No matter how hard Skyler works to emulate his fictional mentor, too many aspects of the mystery just do not add up. What went on at the club to cause ultimately two murders? What is the high school football coach up to? Just what kind of game is the hunky new biology teacher and assistant football coach playing? Doyle doesn’t do much, but one of Poe’s short stories does provide an insightful moment, and in the end the murder is cleared up. But, as the author explains in an afterword, a number of loose ends have been deliberately left to be cleared up in latter volumes of what she proposes to be a trilogy.

The writing is fresh; the high school students, particularly two juniors having real interrelationship issues, are engaging, and Skyler’s friends are entertaining.
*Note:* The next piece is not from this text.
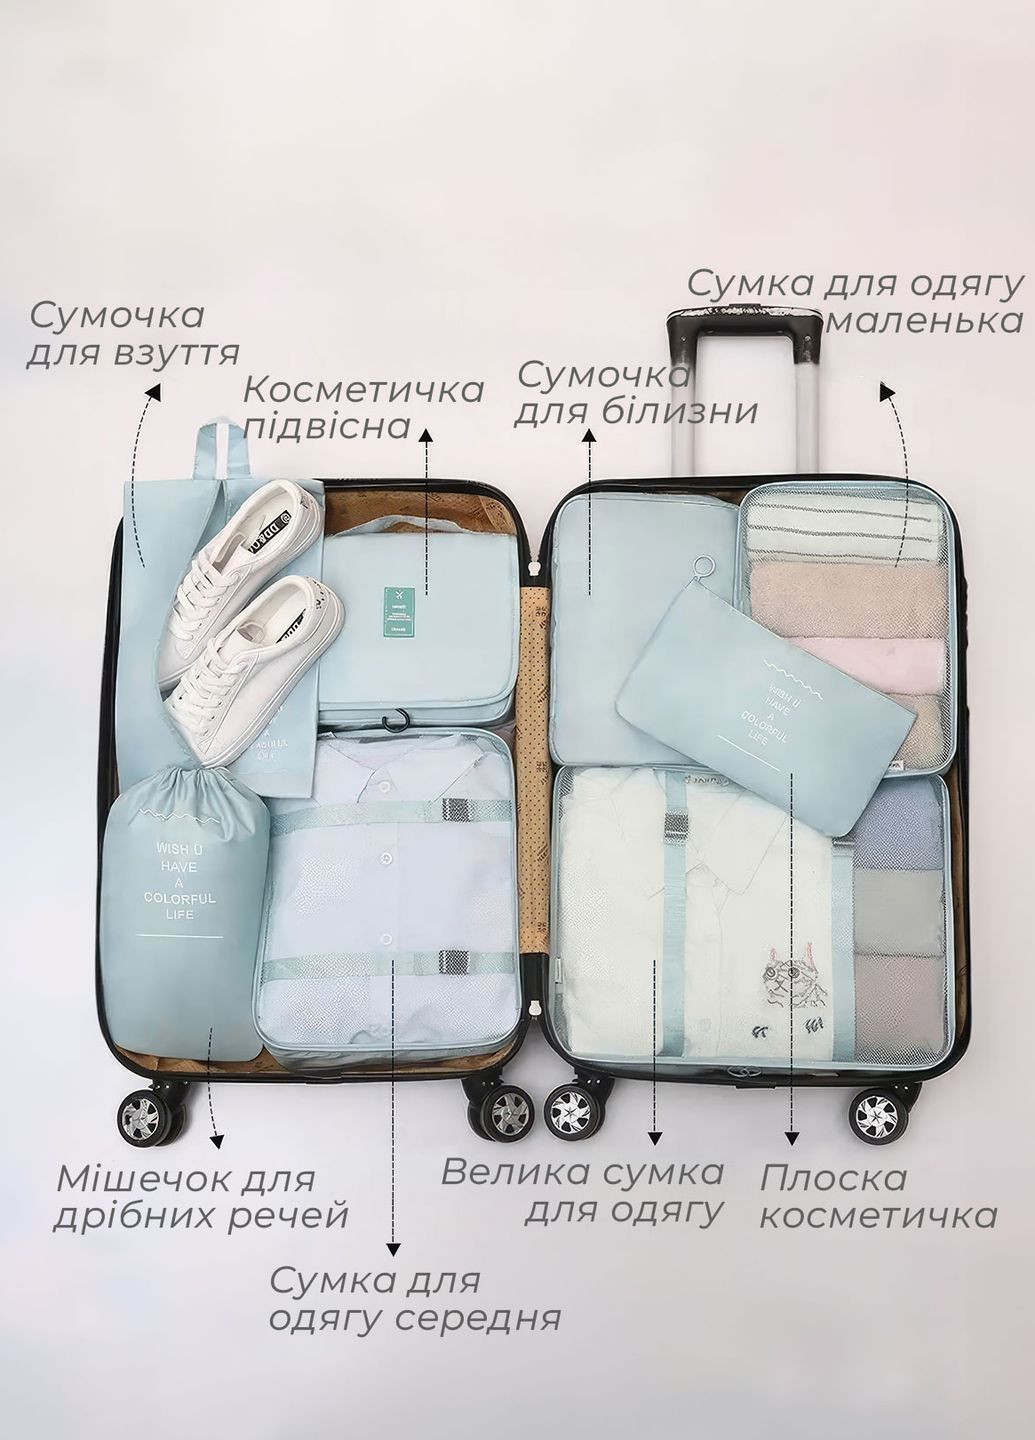 Набор дорожных сумок органайзеров для чемодана / комплект из 8 дорожных органайзеров Бирюзовый 68393 OnePro (264921226)

Even the seemingly obligatory sex scene (Skyler’s comic introduction to a P.A.) not only works in the context of the story but comes across as authentic in being, for once, about sex and not another clichéd lead-in to romance. One has high hopes for the other two novels.

FOXE TAIL
By Haley Walsh
MLR Press
Paperback, 9781608202348, $14.99
eBook, 9781608202355, $7.99

Prove A Villain by K. C. Warwick

PROVE A VILLAIN by K.C. Warwick
The year is 1591. The tailor Hugh Seaton returns to London from Cambridge to find the Strange Men’s theater company in an uproar. An unpopular actor has just been stabbed to death, and Hugh’s former lover, the playwright Kit Marlowe, is the chief suspect. After finding and hiding Kit away, Hugh joins forces with upcoming playwright Will Shakespeare and boy actor Barnaby Winter to track down the killer.
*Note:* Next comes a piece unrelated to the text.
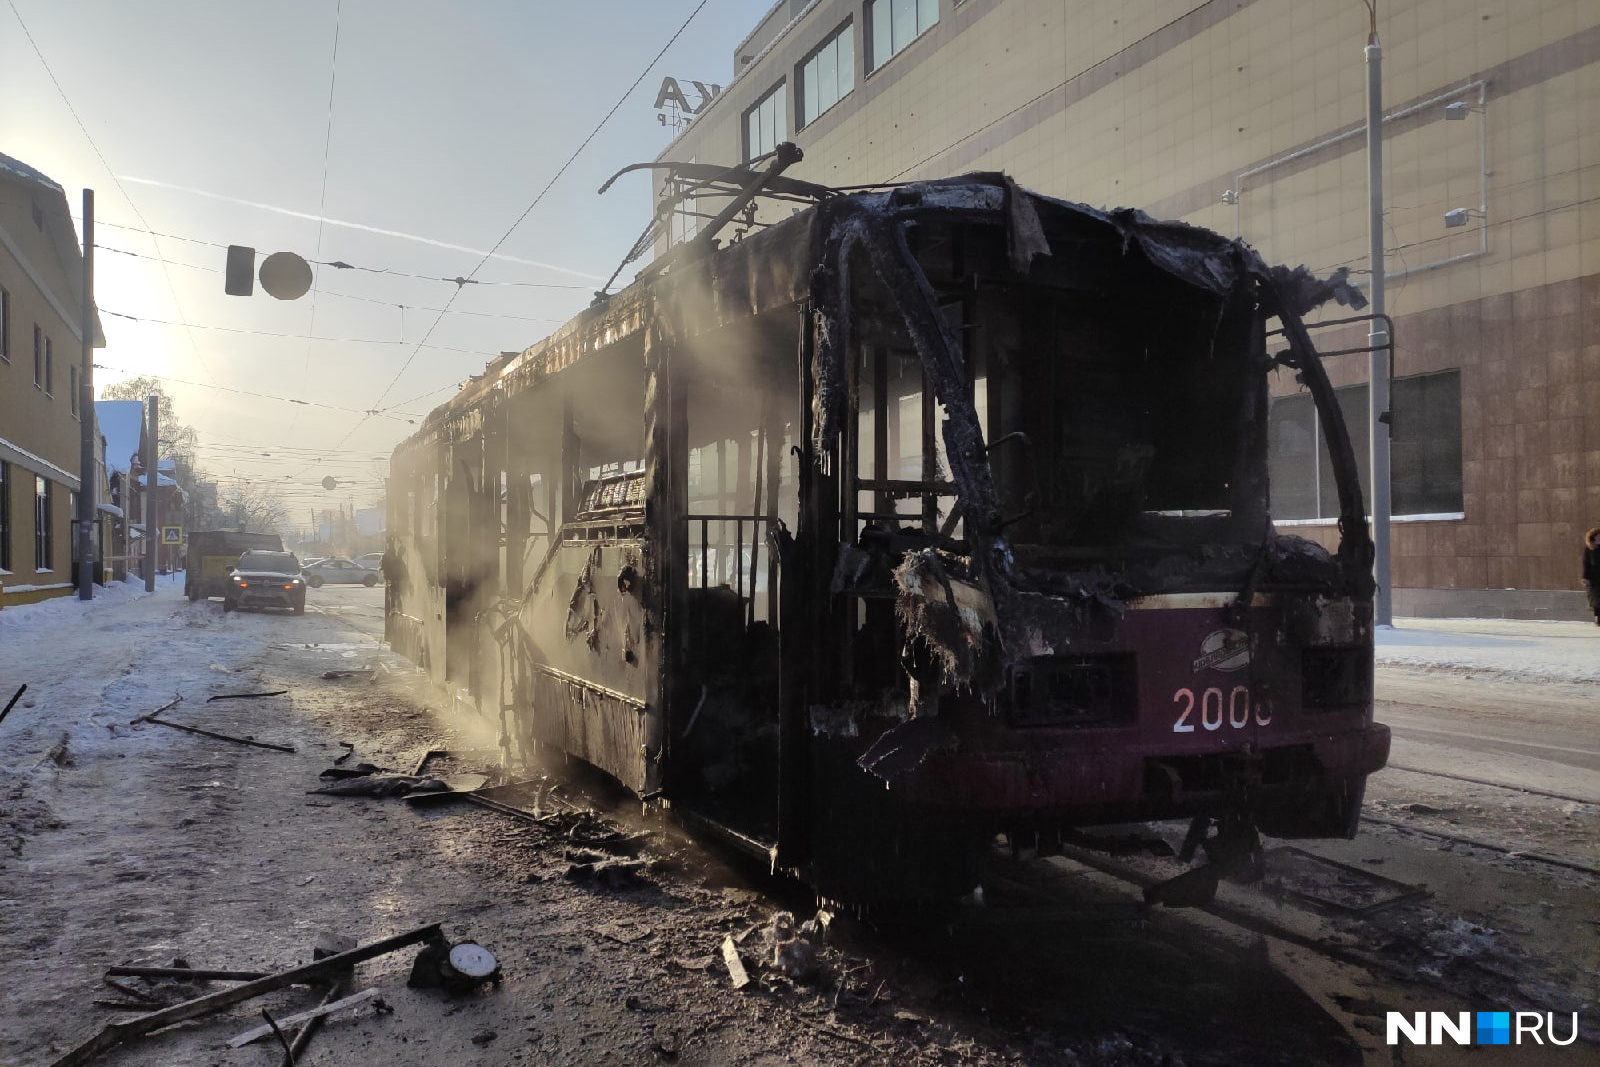 23 декабря 2013. Сгорел трамвай в Нижнем Новгороде 23 декабря. Пожар трамвая в Нижнем Новгороде. В Нижнем сгорел трамвай.

The mystery plot is a thread around which to weave a romance. The emotional and physical attraction that Hugh felt for Kit, and fought against, rekindles. The reader gets glimpses of Will’s complex relationship with his patron. The pacing of the story is a bit slow, particularly if one is reading primarily for the mystery, but the historical aspect is consistently entertaining. The obligatory bon mots by Marlowe (“anyone who doesn’t love boys and tobacco is a fool”) are dropped naturally throughout the text. More ingenious are the glimpses of Shakespeare composing lines he will subsequently use in plays (“Good deeds like candles shine… So good deeds shine like… So shines a good deed in an evil world…”).

Before the case is solved, the reader is taken into the clandestine worlds of Elizabethan spies and renegade Catholics. The British author avoids modern terms to describe the sexual relationships between men, but obviously she does not subscribe to the thesis that one needs a language before one can ascribe modern definitions to a past time; had Marlowe had the word “gay,” he would have used it. The evocative cover, though more reminiscent of paintings from the 17th than the 16th century, is by fellow author Alex Beecroft.

Warwick’s work joins the ever increasing number of novels about Christopher Marlowe (1564-1593) as gay spy or as gay detective. Another came out in 2010: Ted Bacino’s The Shakespeare Conspiracy (Arthorhouse, $18.75), which takes up again the fanciful thesis that Marlowe was not killed and was the true author of the plays ascribed to Shakespeare. Earlier novels are Anthony Burgess’s A Dead Man in Deptford (1993), Judith Cook’s The Slicing Edge of Death (1993), Leslie Silbert’s The Intelligencer (2004), and Louise Welsh’s Tamburlaine Must Die (2004).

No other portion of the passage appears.